The OD 260/280 ratio is a valuable tool in protein purification; it serves as a guidepost for the purity and composition of a sample. This blog post will talk about the importance of measuring this value throughout the process of purifying proteins.
What does the 260/280 ratio mean?
The OD 260/280 ratio is a measure of sample purity. Nucleic acid contamination in a protein sample should be kept to a minimum, as it can interfere with the activity of nucleic acid-binding proteins like Cas9. Nucleic acids absorb light at 260 nm and proteins absorb at 280 nm. Therefore, a high value indicates the presence of more nucleic acids and a low value indicates the presence of proteins. Loading in as high a salt buffer as possible will help minimize the presence of nucleic acids early on.
What’s the goal ratio?
Protein structure largely affects the 260/280 ratio. Aromatic amino acids such as tryptophan and tyrosine absorb stronglyat 280 nm, while other secondary and tertiary structures also impact the wavelength at which the sample absorbs. The sample’s purification buffer can also influence the ratio if it contains components that absorb in the same UV spectrum.
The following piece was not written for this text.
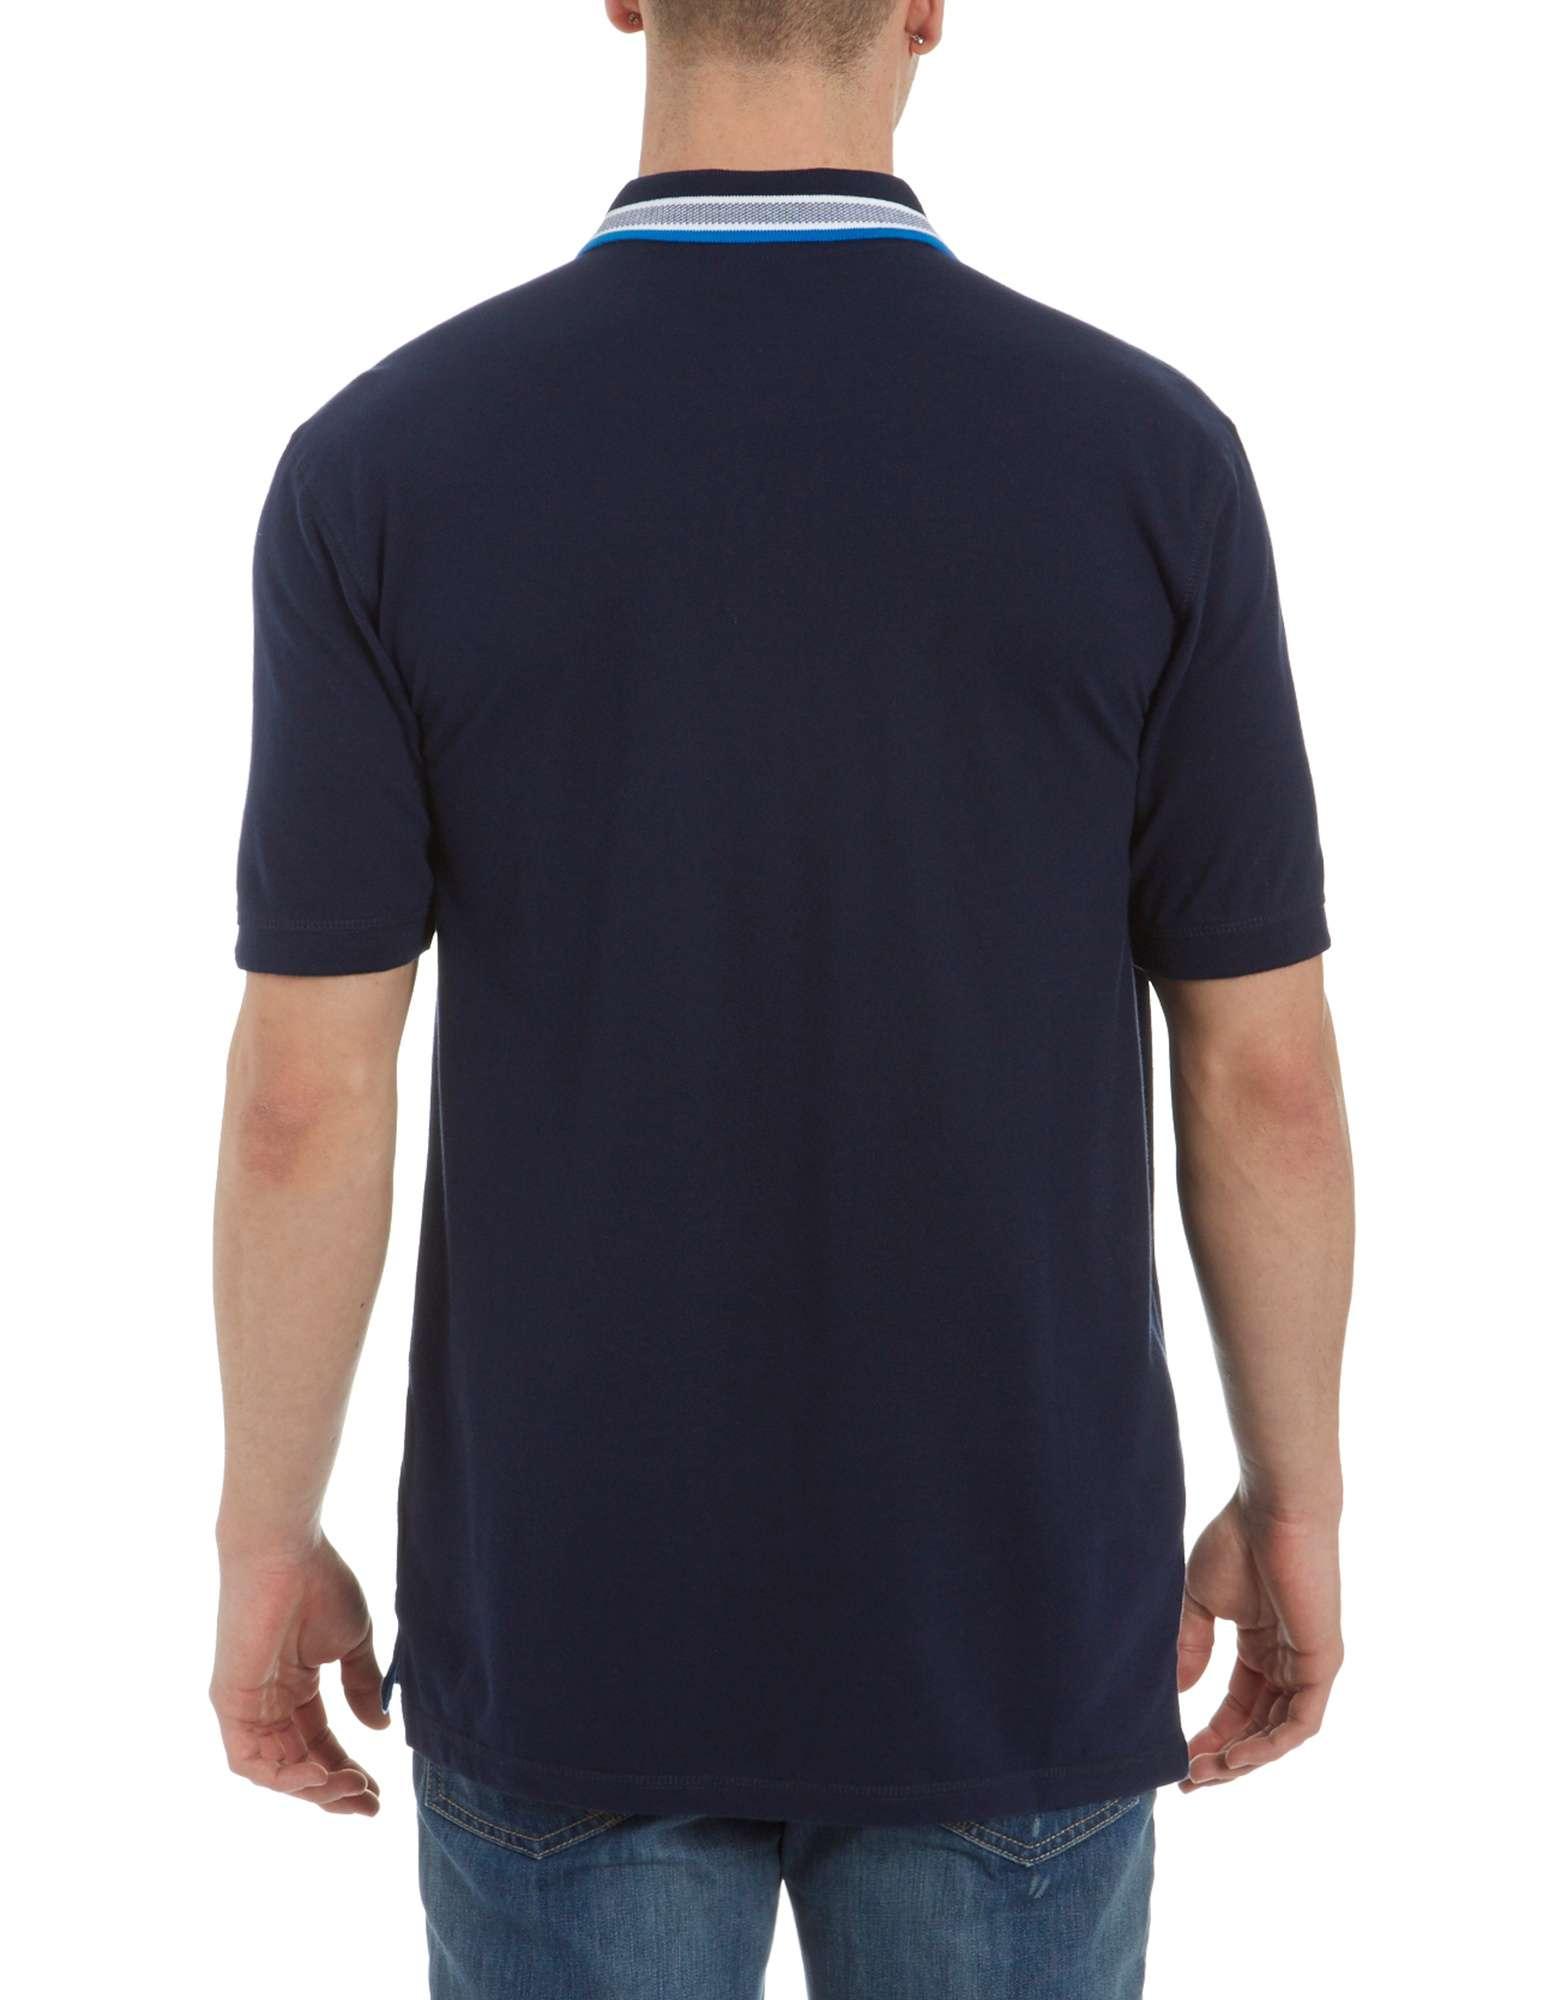 McKenzie Dellasandro Polo Shirt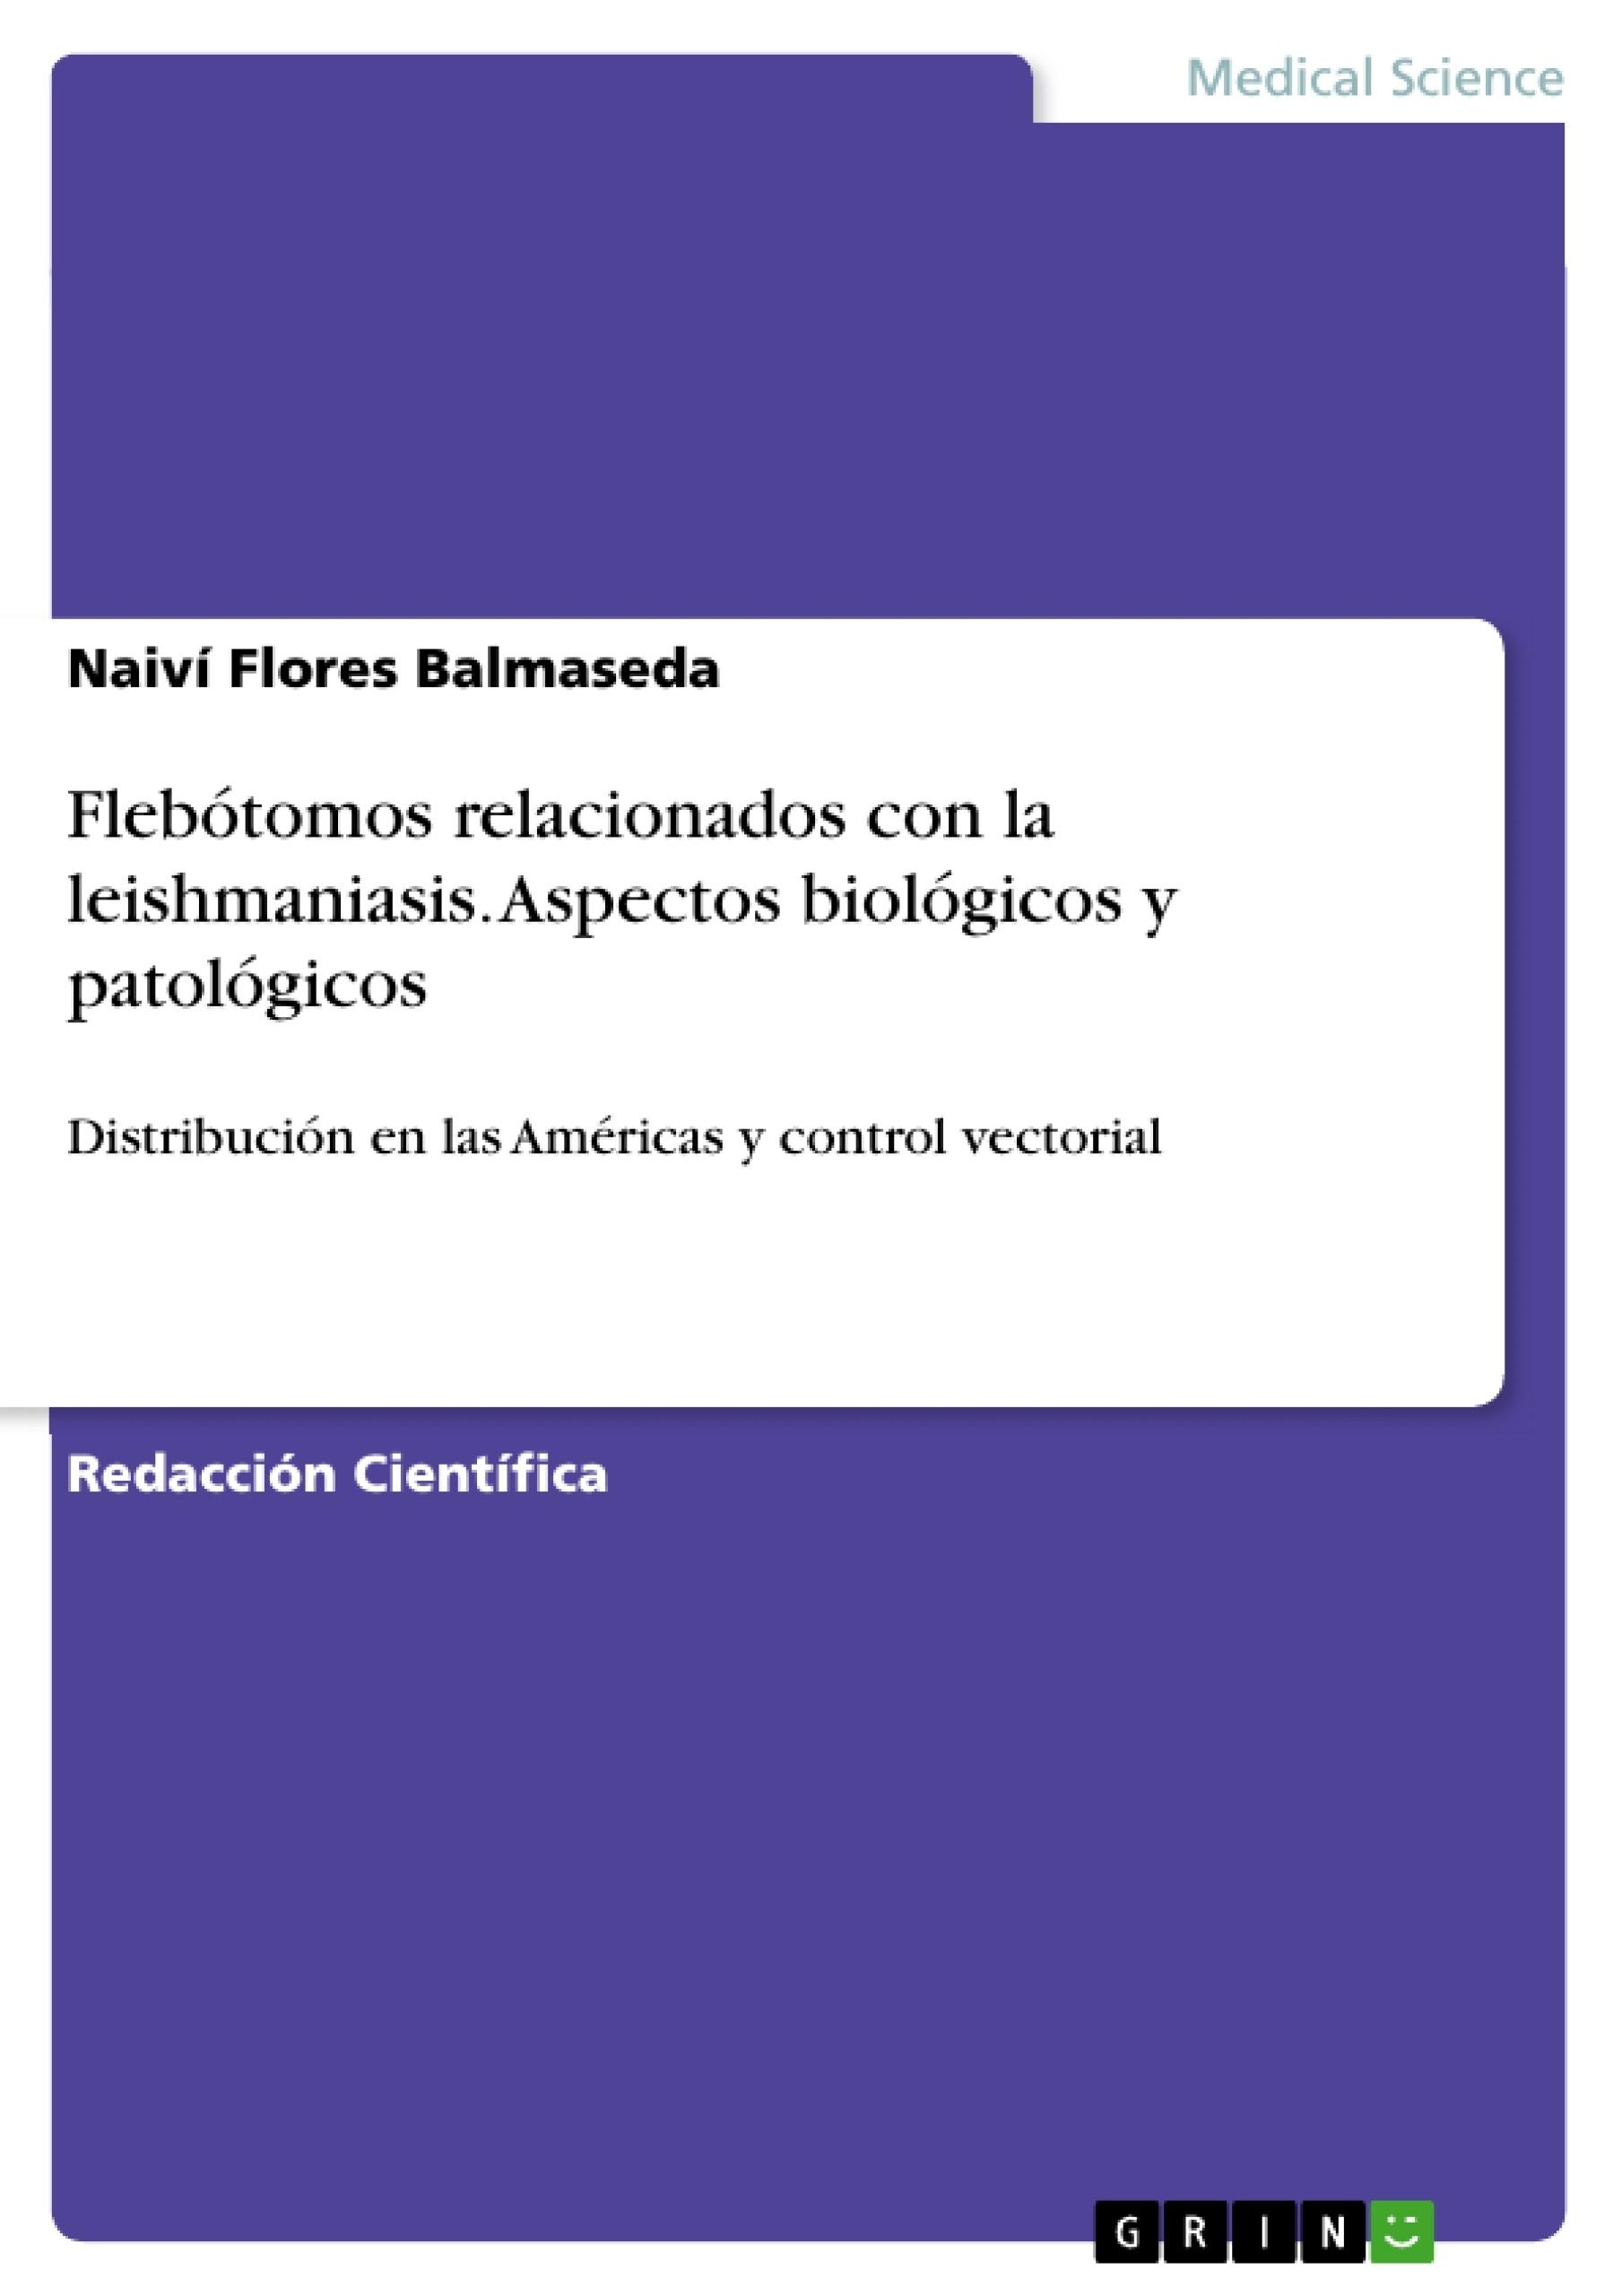 Título: Flebótomos relacionados con la leishmaniasis. Aspectos biológicos y patológicos

Accounting for these factors, a ratio less than 0.60 is a good indication of pure protein with minimal nucleic acid contamination.
When do I measure the ratio?
Monitoring the 260/280 ratio throughout the protein purification process is important. Initial crude lysate may give a high number like 1.7 because contaminants have yet to be filtered out. The flowthrough may have an even higher ratio because it contains the nucleic acids that have been isolated out of the sample. The eluate should have the lowest ratio because contaminants in the flowthrough have now been removed, leaving behind pure protein. Nucleic acid contamination does not show up on a protein gel, which is why measuring the ratio is essential for an accurate picture of purity.